• [WHAT THE EXERCISE ASKS]:
Reproduce the listing below exactly, minus its pictures.

• [DATA EXCERPT]:
--- START ---

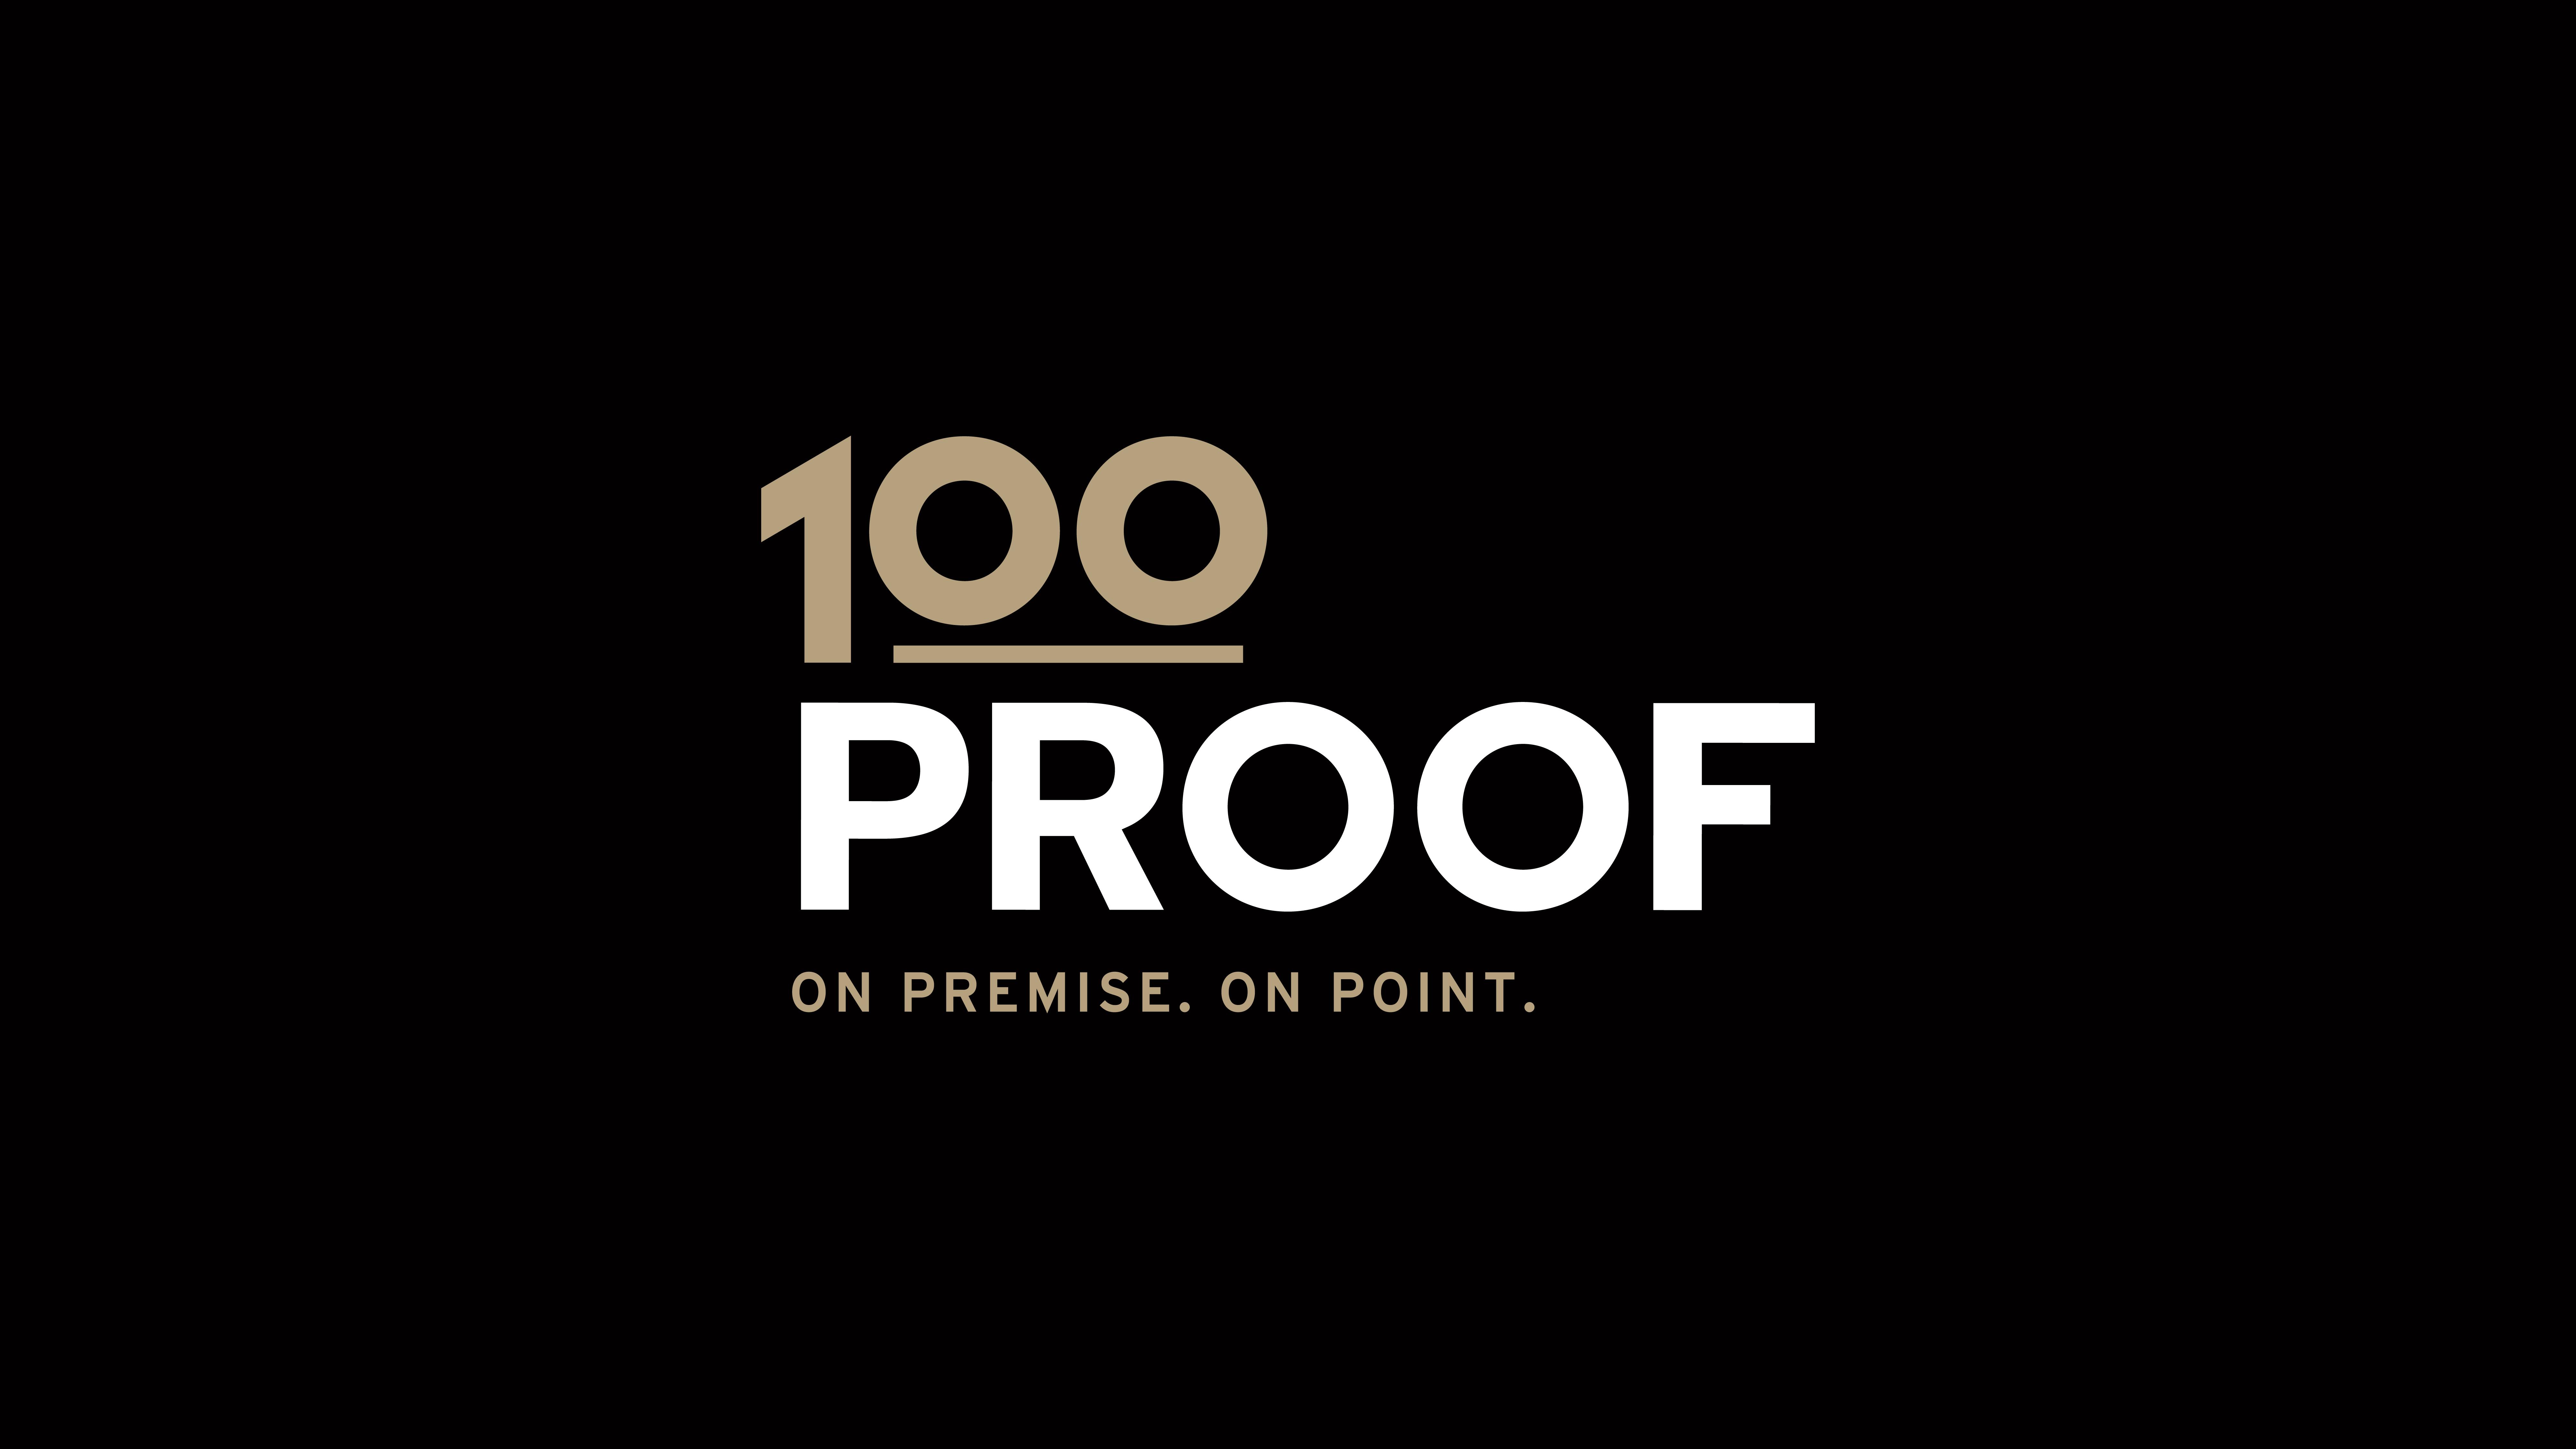 100proof-slide-v2
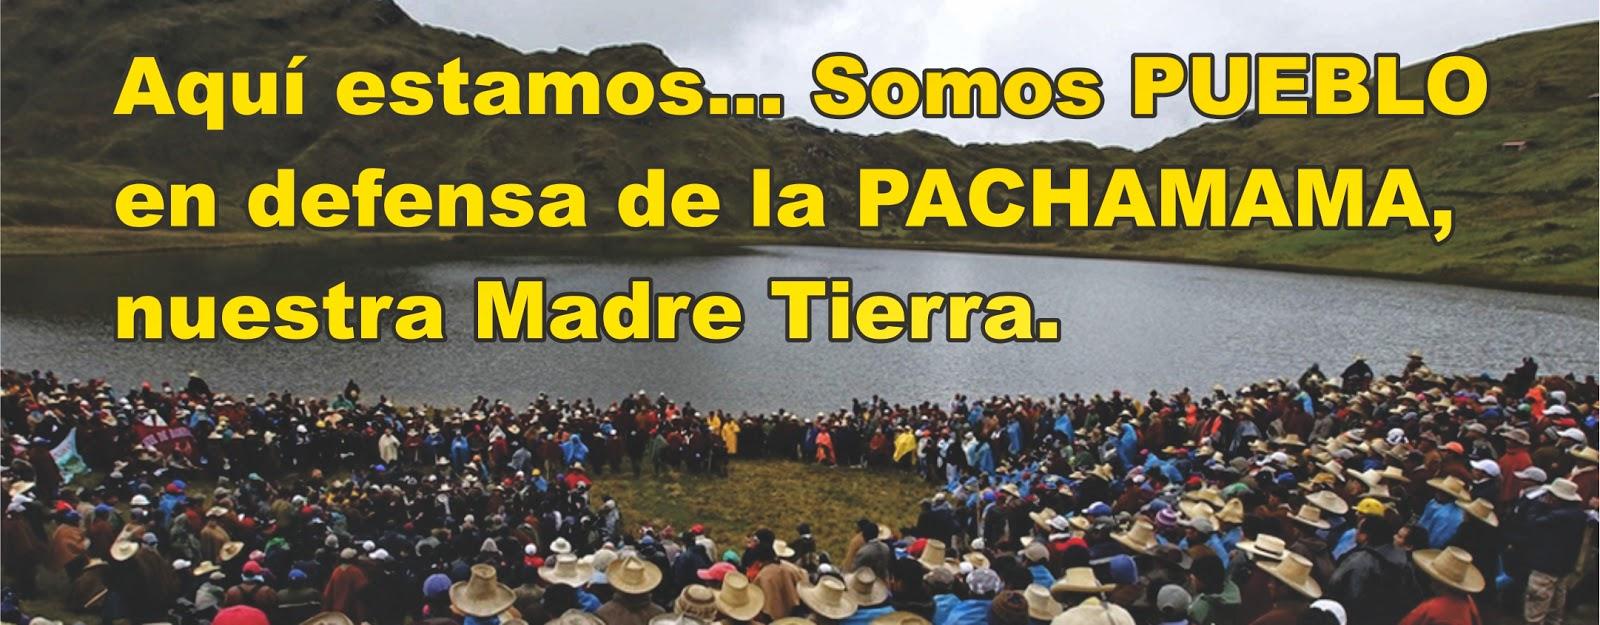 http://pueblounido-peru.blogspot.com/2014/12/el-partido-pueblo-unido-los-pueblos-del.html
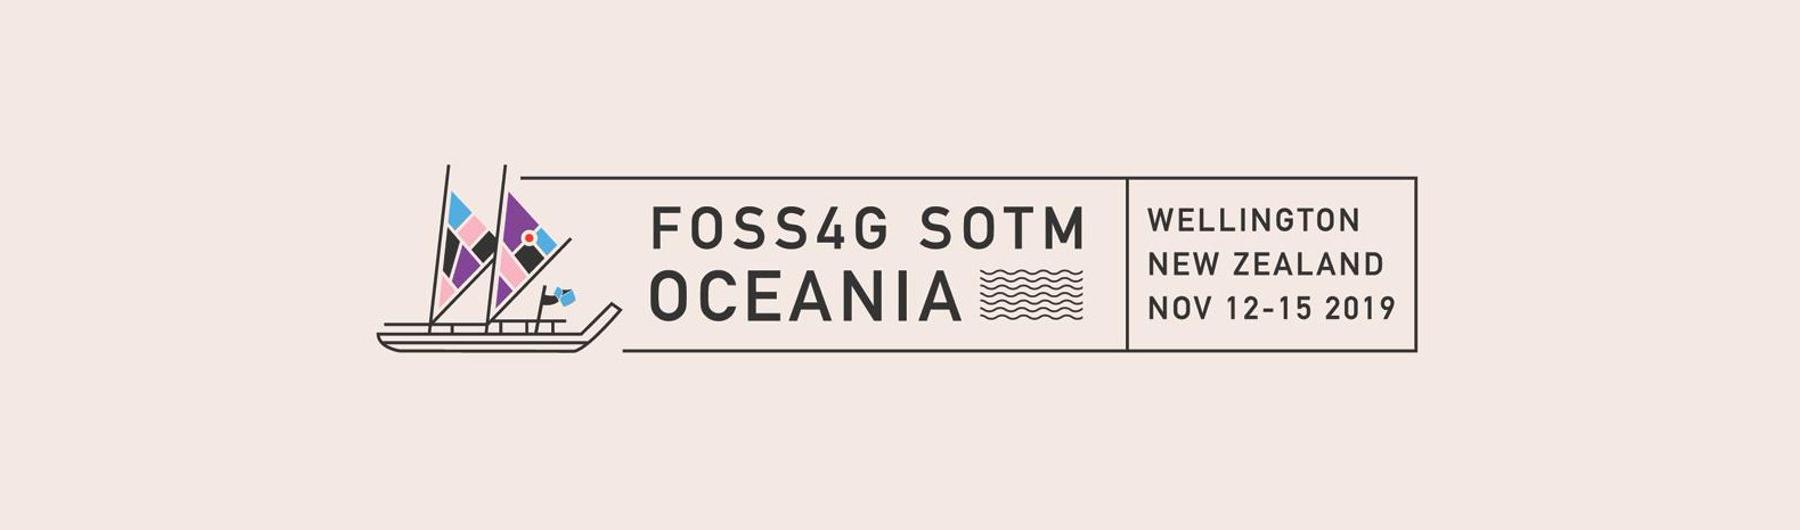 FOSS4G SotM Oceania 2019 - Workshops

--- END ---

• [EXERCISE OUTPUT]:
 100proof-slide-v2
 http://pueblounido-peru.blogspot.com/2014/12/el-partido-pueblo-unido-los-pueblos-del.html
 FOSS4G SotM Oceania 2019 - Workshops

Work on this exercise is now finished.